### Problem to solve
Give the listing again, word for word, and let no picture into it.

### Recorded data
· · · · · · ·

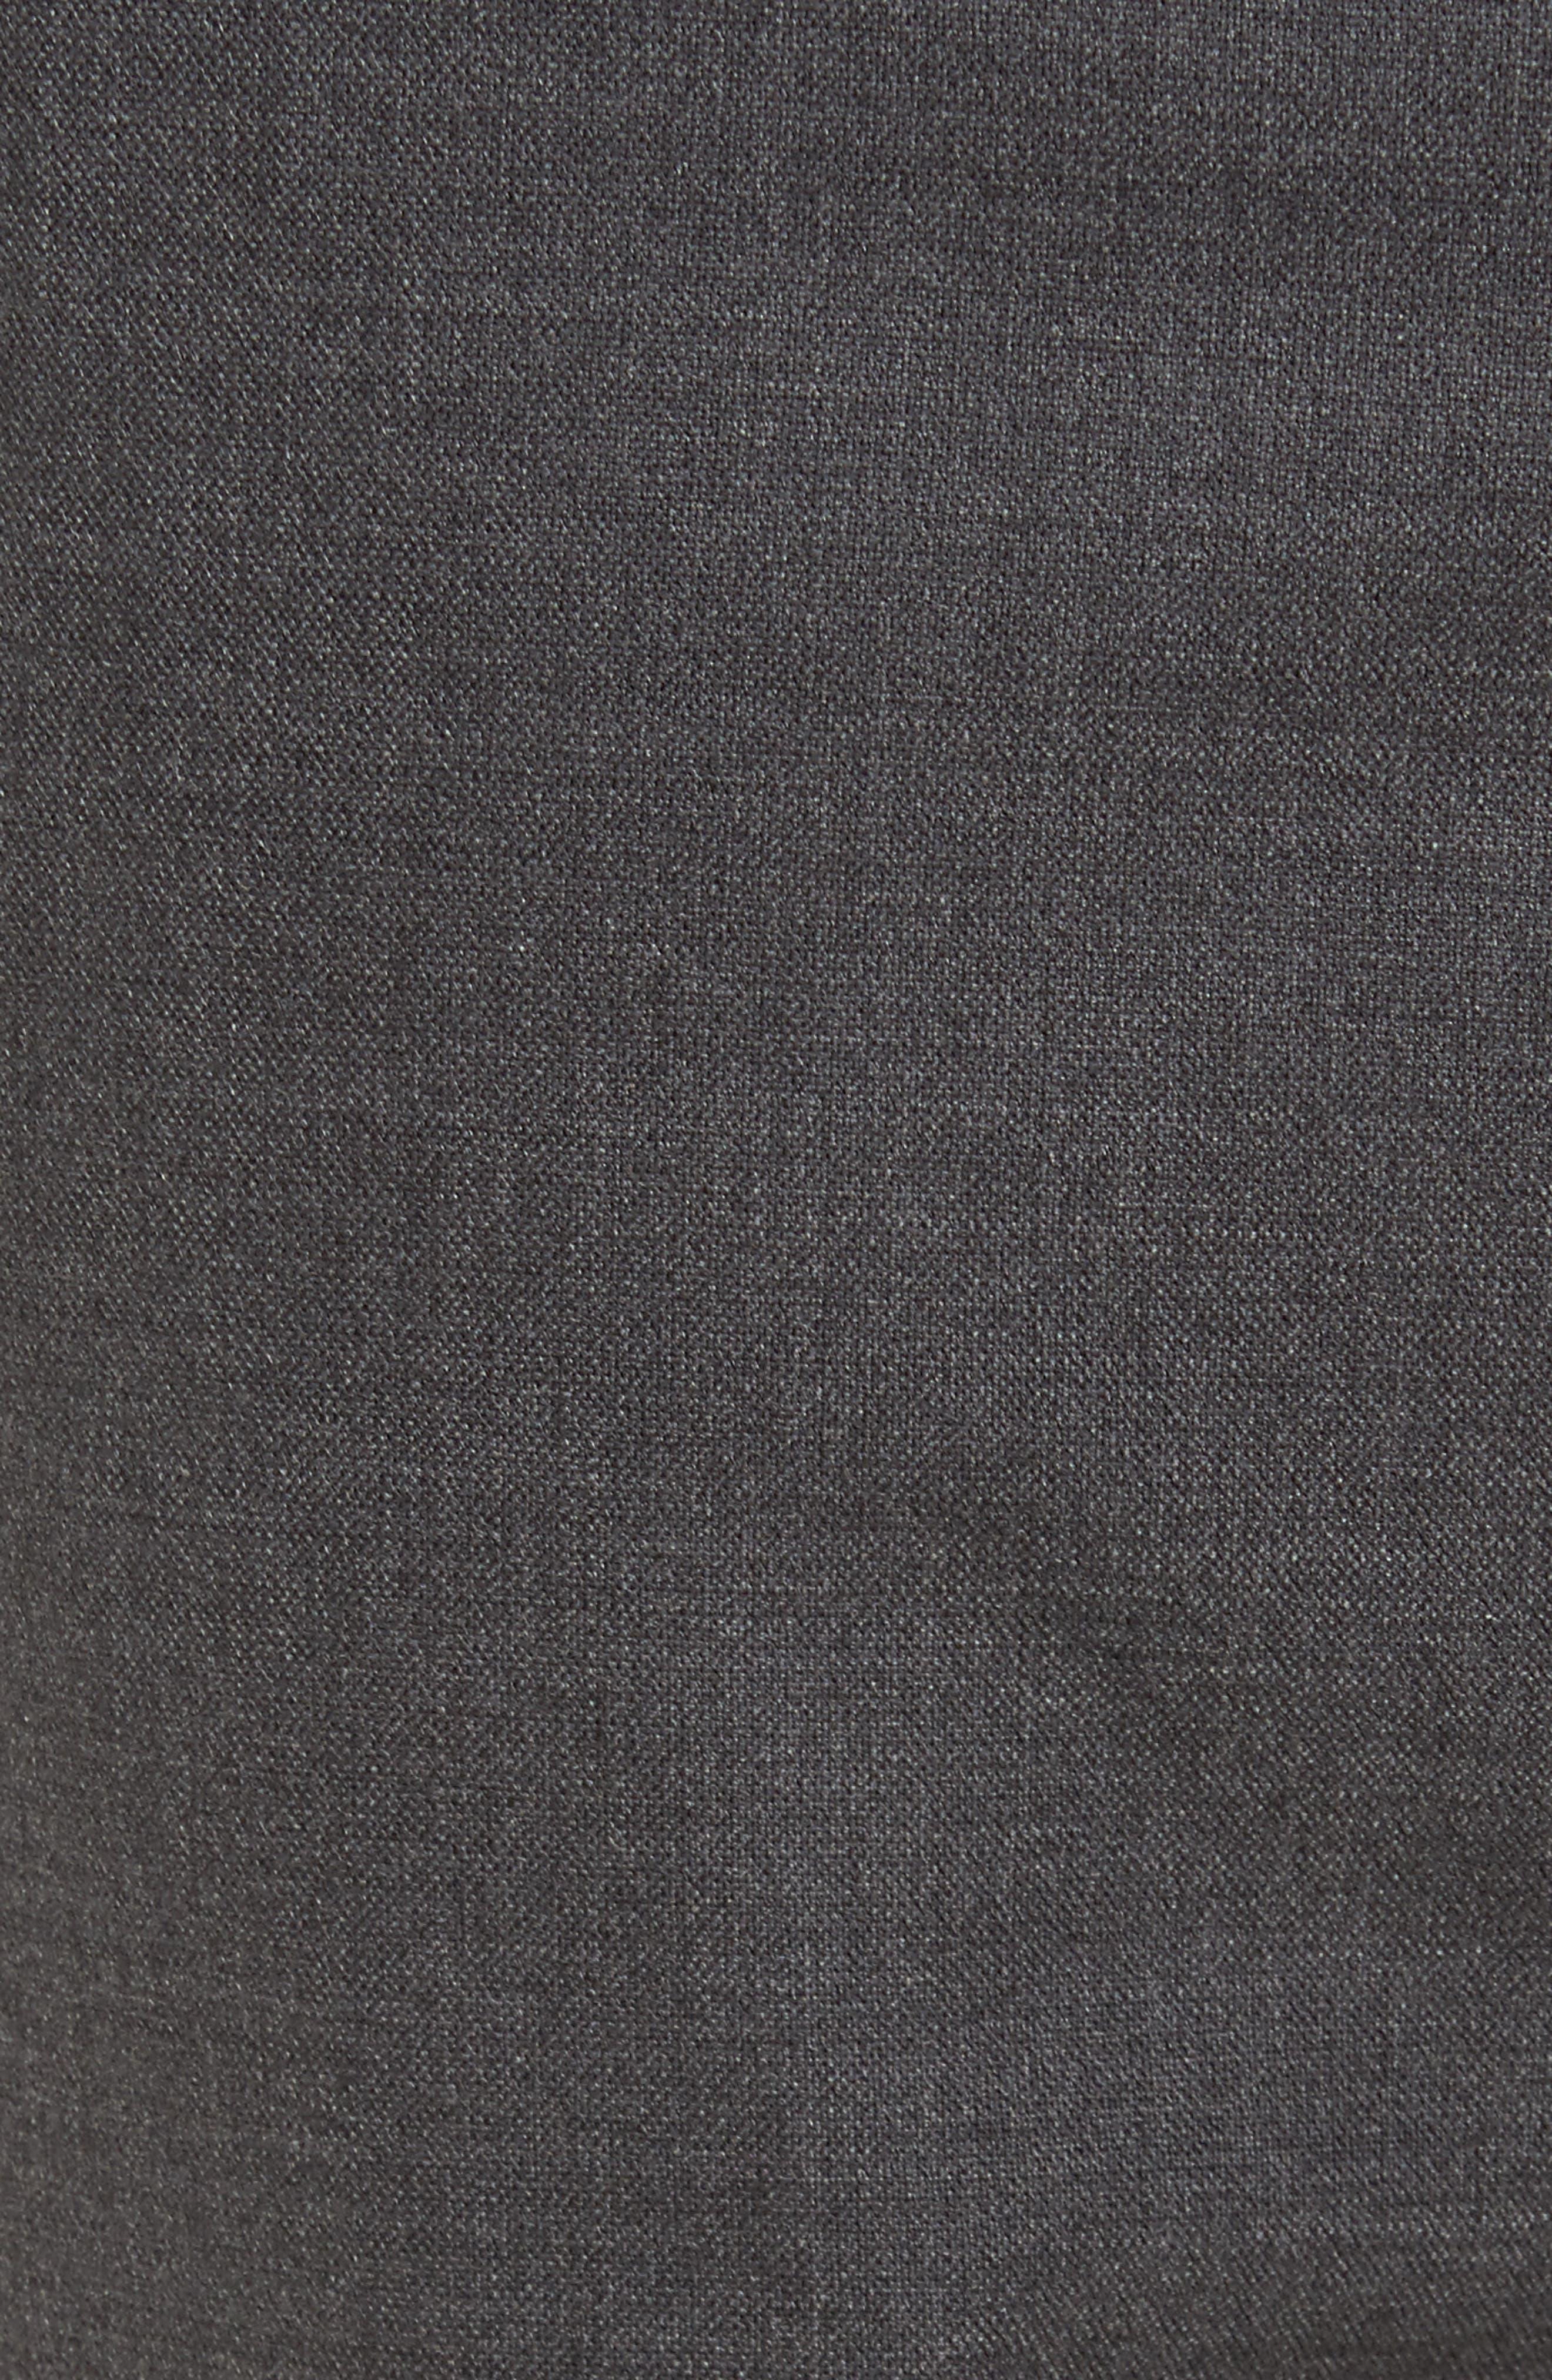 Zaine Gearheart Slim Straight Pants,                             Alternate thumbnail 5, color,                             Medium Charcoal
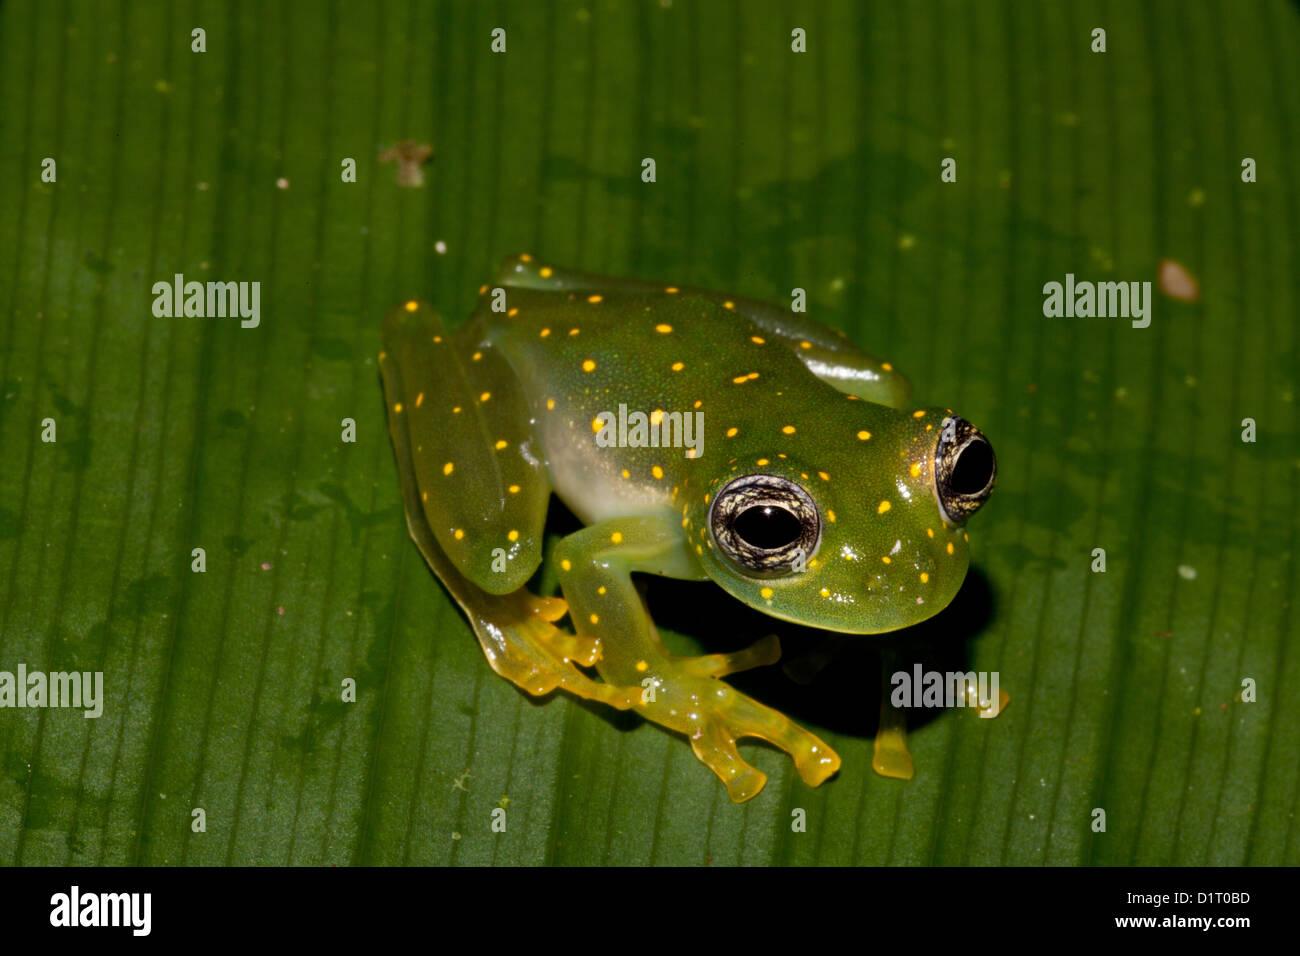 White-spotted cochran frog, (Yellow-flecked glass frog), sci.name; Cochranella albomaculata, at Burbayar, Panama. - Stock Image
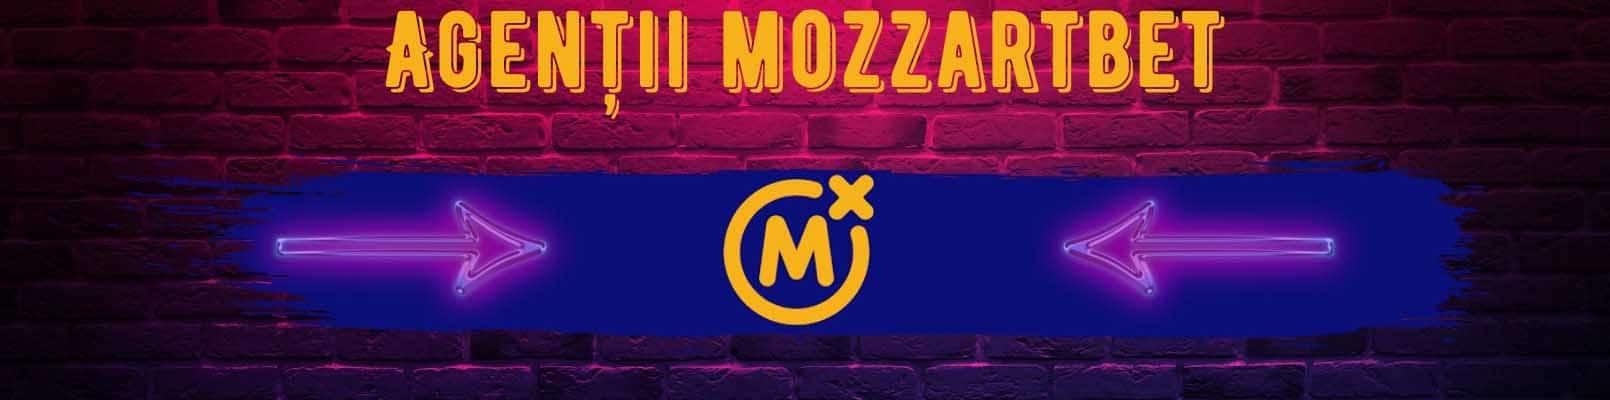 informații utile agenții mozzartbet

· · · · · · ·

### Expected output
 Zaine Gearheart Slim Straight Pants,                             Alternate thumbnail 5, color,                             Medium Charcoal
 White-spotted cochran frog, (Yellow-flecked glass frog), sci.name; Cochranella albomaculata, at Burbayar, Panama. - Stock Image
 informații utile agenții mozzartbet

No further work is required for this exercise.